As long as it's all hypothesizing anyway, let us attempt to wade into the mind of the 70 year old Herzog.  Burden of Dreams comes quickly to mind, Les Blank’s documentary on the making of Fitzcarraldo.  I have surmised before that were Fitzcarraldo to have been made as originally intended with Jason Robards and Mick Jagger, Herzog's career might have taken a sharp turn right then and there.  Burden of Dreams is, in a way, a document of Herzog's shot at the big time being pulled out from under his feet (although this is not the primary focus of Blank's film.)  So, in a way, Herzog has been fishing for a wider audience since nearly the very start.  He now has it.  And yet, there is still that compulsion in him, as can be seen from some of his very earliest filmic experiments all the way to recent films like Encounters at the End of the World, to document some kind of ecstatic truth.  Bad Lieutenant is nothing if not an ecstatic lie; the tacky turns of the American cop movie subverted with a casual flip of the wrist.

I find myself interested in Herzog's already completed follow-up picture, produced by David Lynch, called My Son, My Son, What Have Ye Done.  My gut tells me that it will be played more for keeps, contrasting and emphasizing the comedy of Bad Lieutenant. The question will be, even in the absence of the wackiness: does it work?  Don't we ask the same of journeymen or even hack directors working in these genres?  Don't we expect certain things, a certain standard of quality?   If Herzog's goal is to subvert the American cop film genre, I guess my question would be, why?  It's as simple a target as the broad side of a barn.

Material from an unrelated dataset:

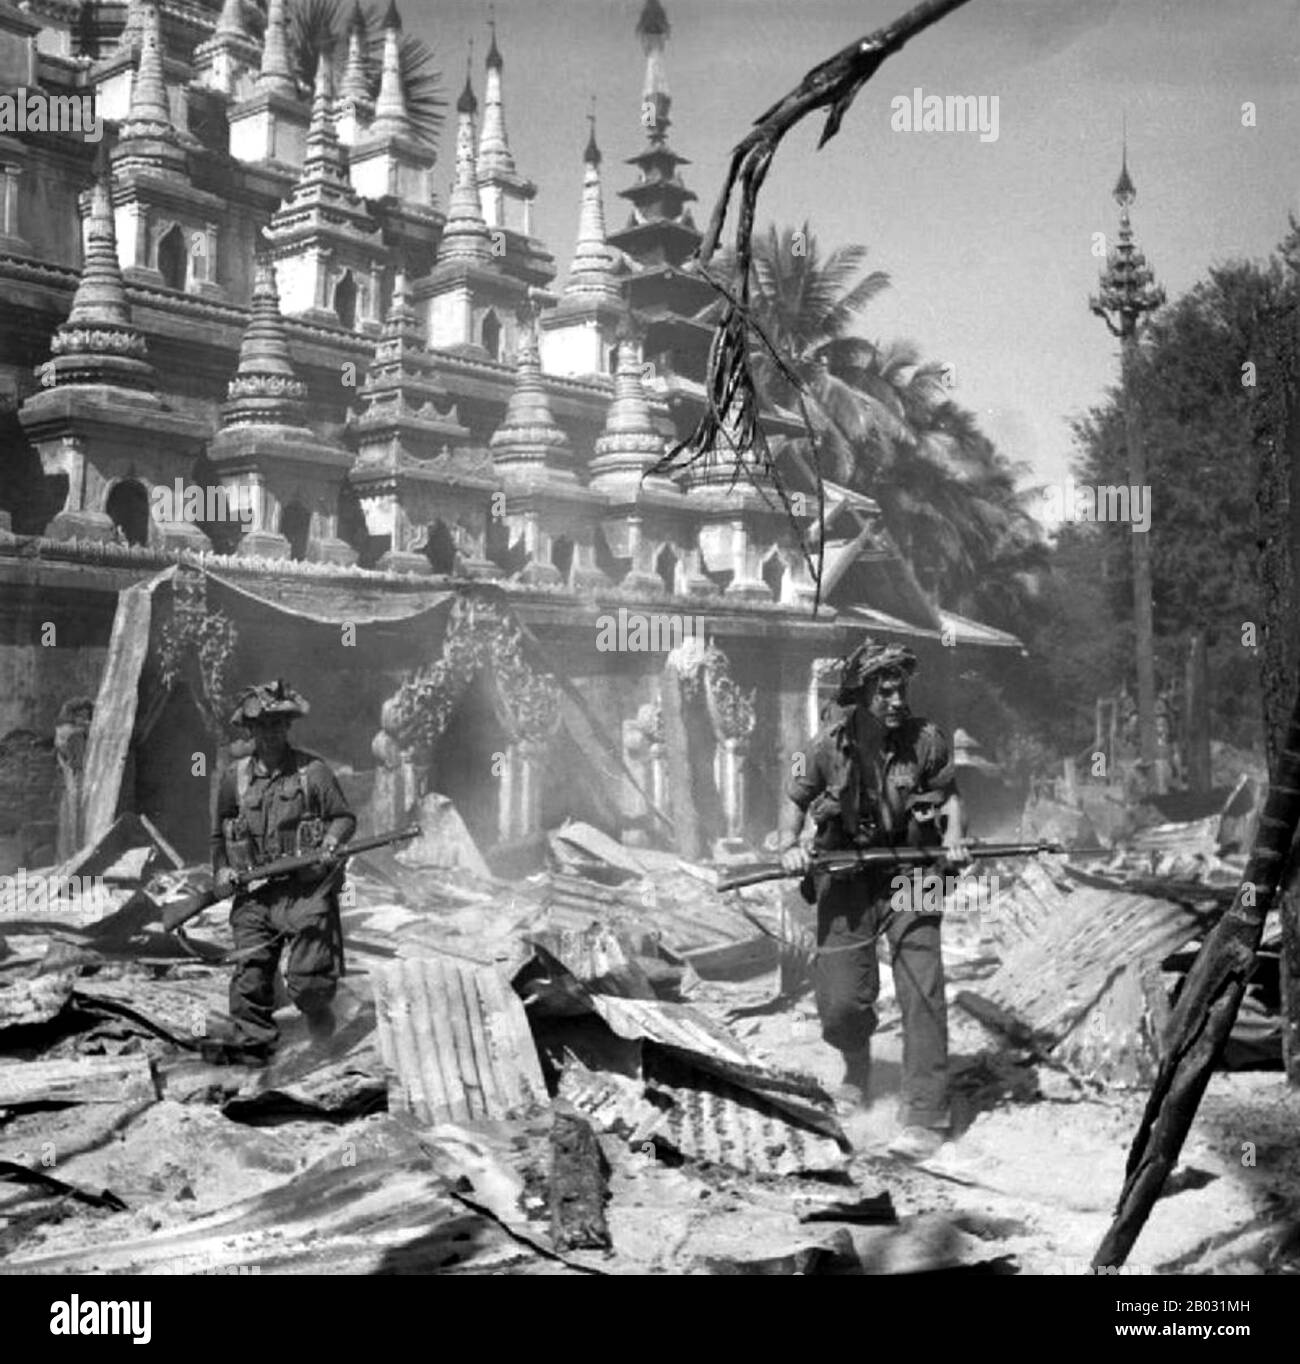 Un importante campo di battaglia, la Birmania è stata devastata durante la seconda guerra mondiale Nel marzo 1942, entro mesi da quando entrarono in guerra, le truppe giapponesi avevano avanzato Rangoon e l'amministrazione britannica era crollata. Un'amministrazione esecutiva birmana guidata da Ba Maw fu istituita dai giapponesi nell'agosto 1942. I Chindits britannici di Wingate sono stati formati in gruppi di penetrazione a lungo raggio addestrati per operare in profondità dietro le linee giapponesi. Una simile unità americana, i Marauders di Merrill, seguì i Chindits nella giungla birmana nel 1943. A partire dalla fine del 1944, le truppe alleate lanciarono una serie di offensive Foto Stock

 At the very least, Herzog has given us a film to be argued about, although, at the moment, no one seems up to the task.  In his director’s statement, he all but begs for our scorn, preemptively scolding: "I challenge the theoreticians of cinema to go after this one.  Go for it, losers."  Umm.. I'm sorry.. What??  Werner, you have made some of the greatest movies of all time. Why bother with this skanky posturing if you yourself weren't in some way concerned about the film's reception?  Would YOU watch your Bad Lieutenant?  Are you so enamored with Cage's recklessness?

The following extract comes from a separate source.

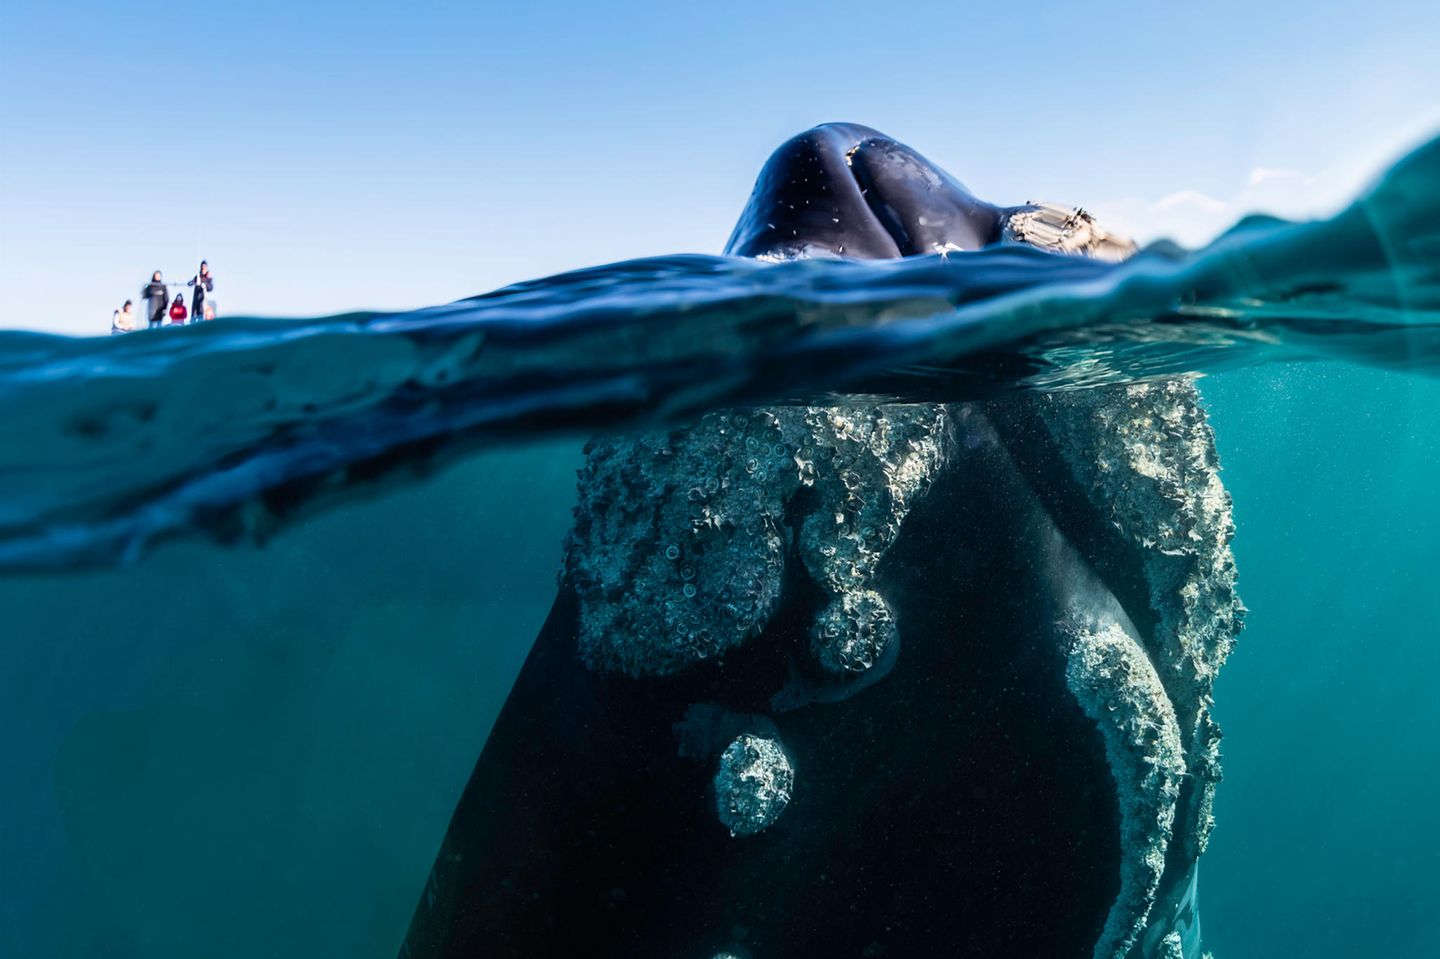 Lärmverschmutzung im Ozean: Neugierige Touristen stören diesen Bartenwal kaum - wenn sie aber den Außenborder eines Motorboots starten, kann das dessen Kommunikation erheblich beeinträchtigen

In his great films (of which there are so many,) Herzog does not have time for the sloppy scenes this film and its screenplay saddle him with.  When things are superfluous in a Herzog film, they are generally mood-invoking or at least beautiful, not formulaic and lazy, like many of the beyond-standard cop drama moments in Bad Lieutenant.  And, at the absolute end of the day, though we might enjoy ourselves with this one to a point, how much can we really allow ourselves to like it?  I’ve seen the film three times now, and I have found myself laughing at it at various points each time.  But I am certainly not going to force its tired ideas and sloppy executions on myself on principal alone (and believe me, if any director could inspire me to drink their Kool-Aid, no questions asked, it's Herzog.)  It's funny and it's somewhat memorable, but unfortunately it’s just not that good.

Maybe Herzog is genuinely up to something I'm just not picking up on.  But I've got even money that he's just playing with his food. It's Herzog 2.0, expatriate German maverick turned American, well.. “maverick,” bringing home the bacon on thirty year old stories that still get printed ad infinitum.  Bad Lieutenant is just a new craziness for us all to marvel at, so go ahead and marvel.  It's his American Even Dwarfs Started Small, I guess.  But, lest we forget, he followed up that film with Aguirre, the Wrath of God, and that is why we know his name, and his films. 

Here's hoping that Herzog has got a few American masterpieces in him to go along with his German ones. So far, I haven't seen one.  And I've been looking.

1 comment:

Anonymous said...

I happen to think Dwarfs IS a masterpiece, so maybe I should see this.